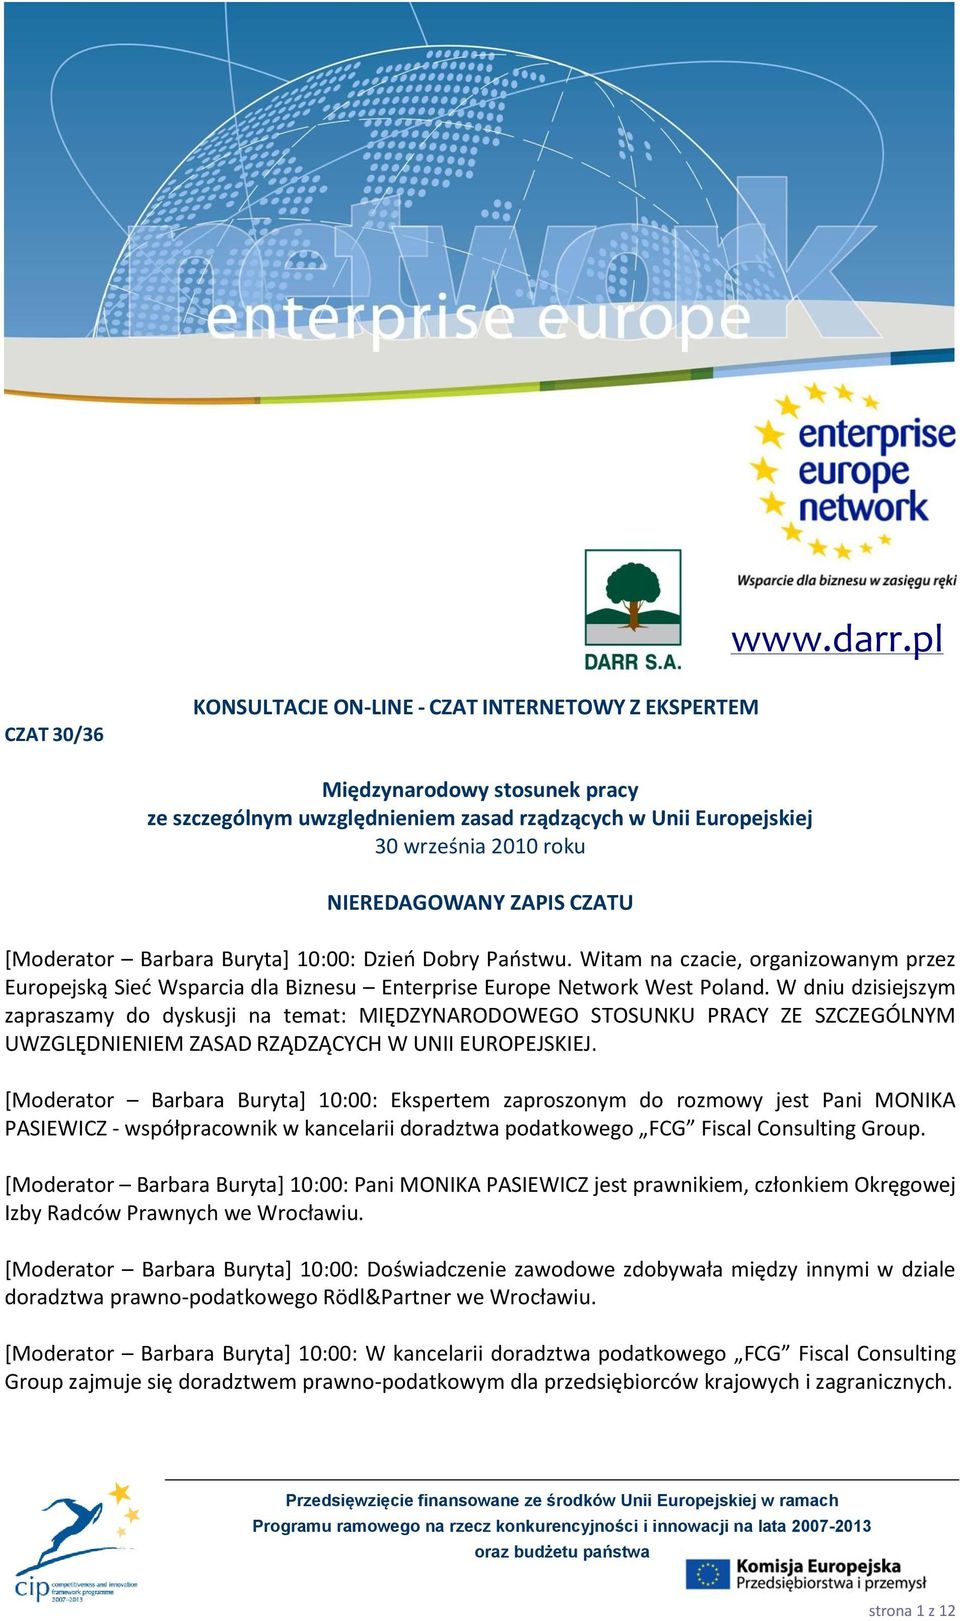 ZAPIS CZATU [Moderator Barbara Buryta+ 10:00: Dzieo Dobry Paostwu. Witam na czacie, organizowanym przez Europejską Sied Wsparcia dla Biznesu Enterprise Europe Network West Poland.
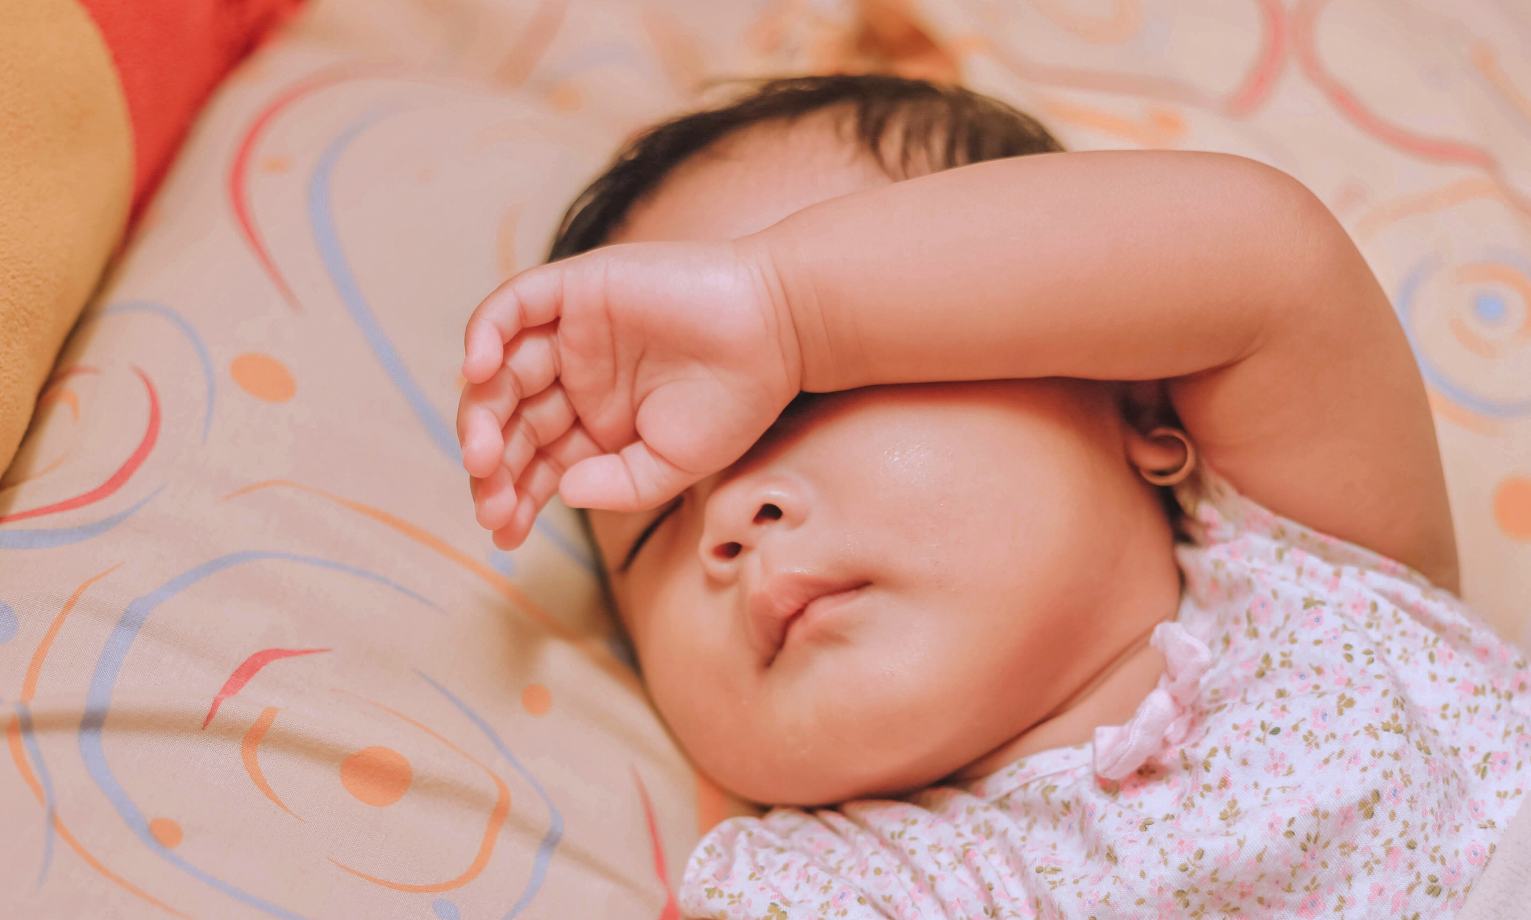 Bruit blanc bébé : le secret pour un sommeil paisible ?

* * *

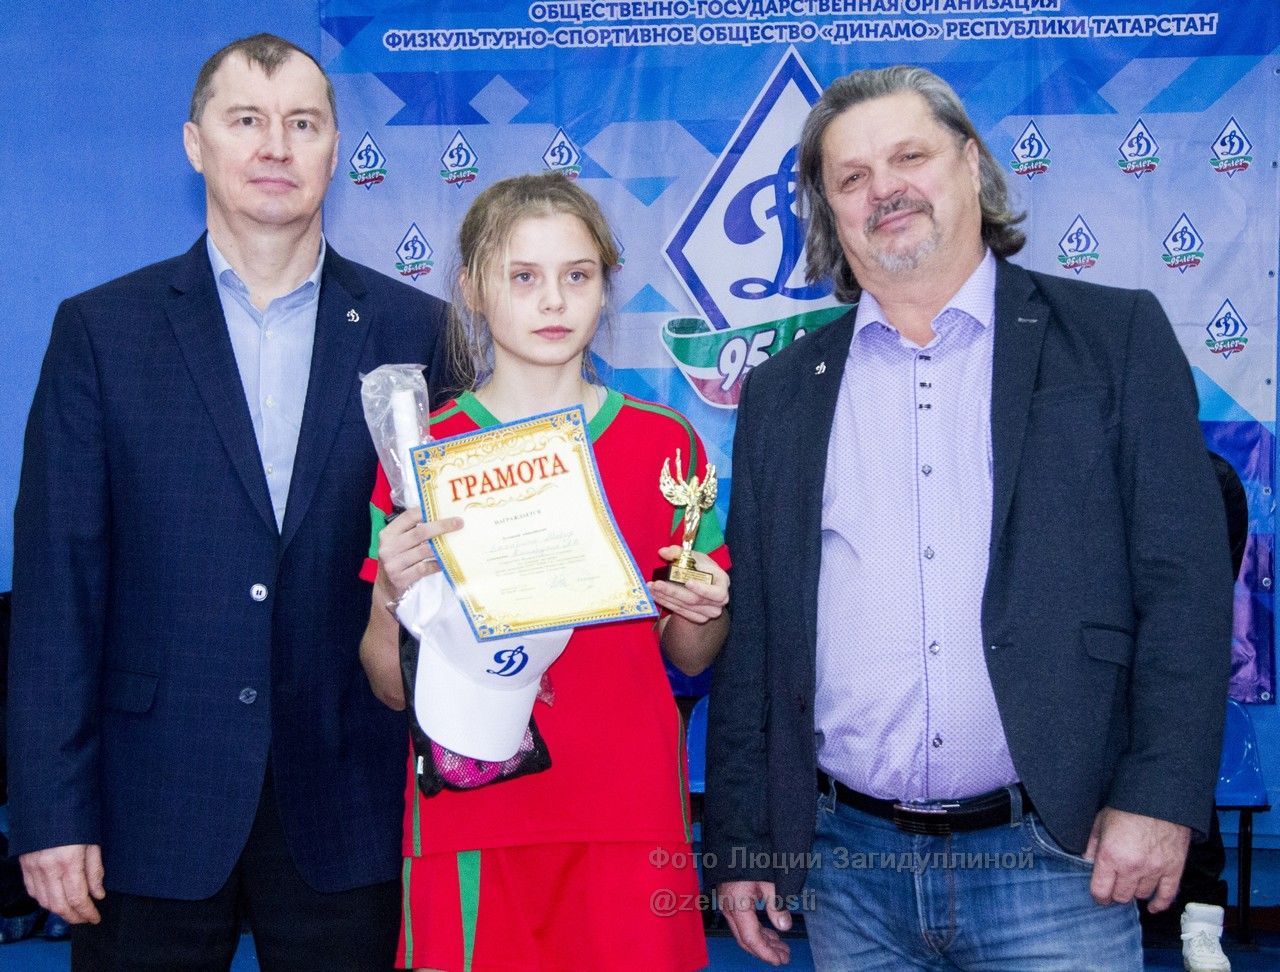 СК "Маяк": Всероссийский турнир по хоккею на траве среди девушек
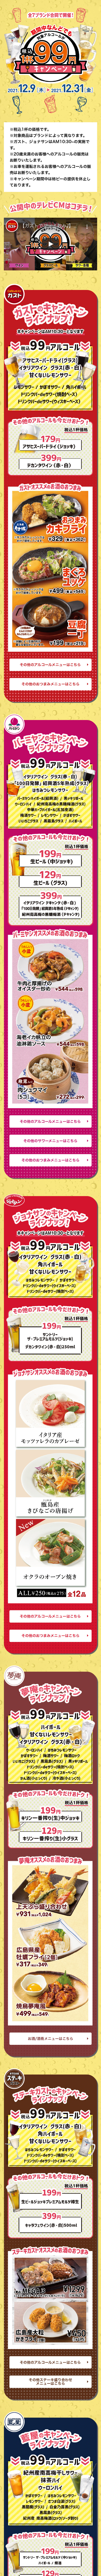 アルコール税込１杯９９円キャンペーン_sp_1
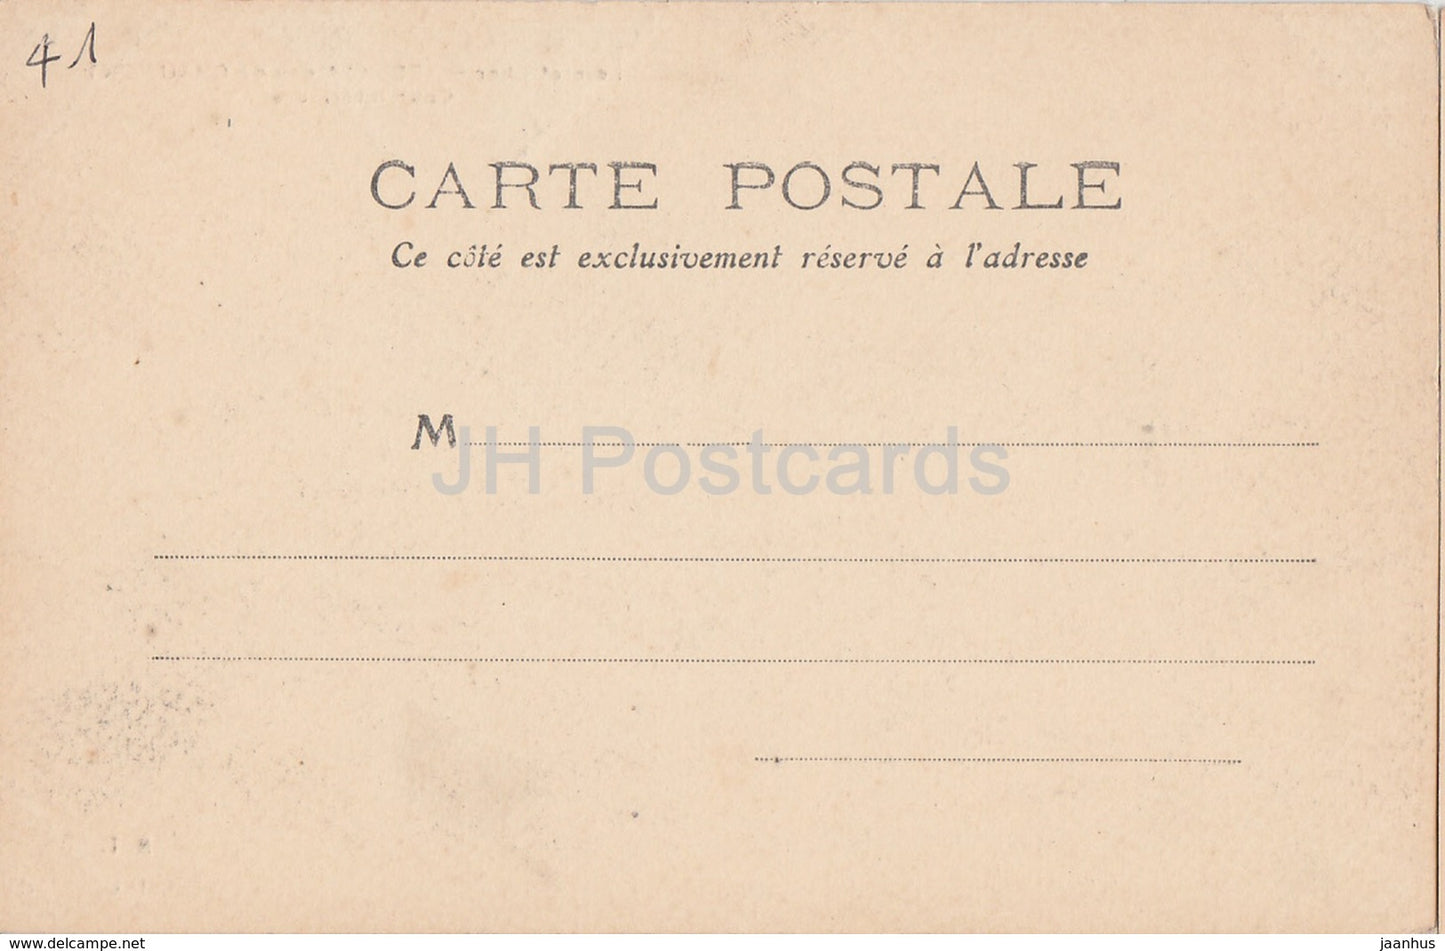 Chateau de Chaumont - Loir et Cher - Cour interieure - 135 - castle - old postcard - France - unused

* * *

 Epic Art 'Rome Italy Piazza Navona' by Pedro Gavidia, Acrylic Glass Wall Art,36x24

[TASK]
What's needed is an exact copy of the records above from the line containing "ZAPIS CZATU [Moderator" down to the line containing "Bruit blanc bébé", both included, without any pictures.

[OUTPUT]
 ZAPIS CZATU [Moderator Barbara Buryta+ 10:00: Dzieo Dobry Paostwu. Witam na czacie, organizowanym przez Europejską Sied Wsparcia dla Biznesu Enterprise Europe Network West Poland.
 Bruit blanc bébé : le secret pour un sommeil paisible ?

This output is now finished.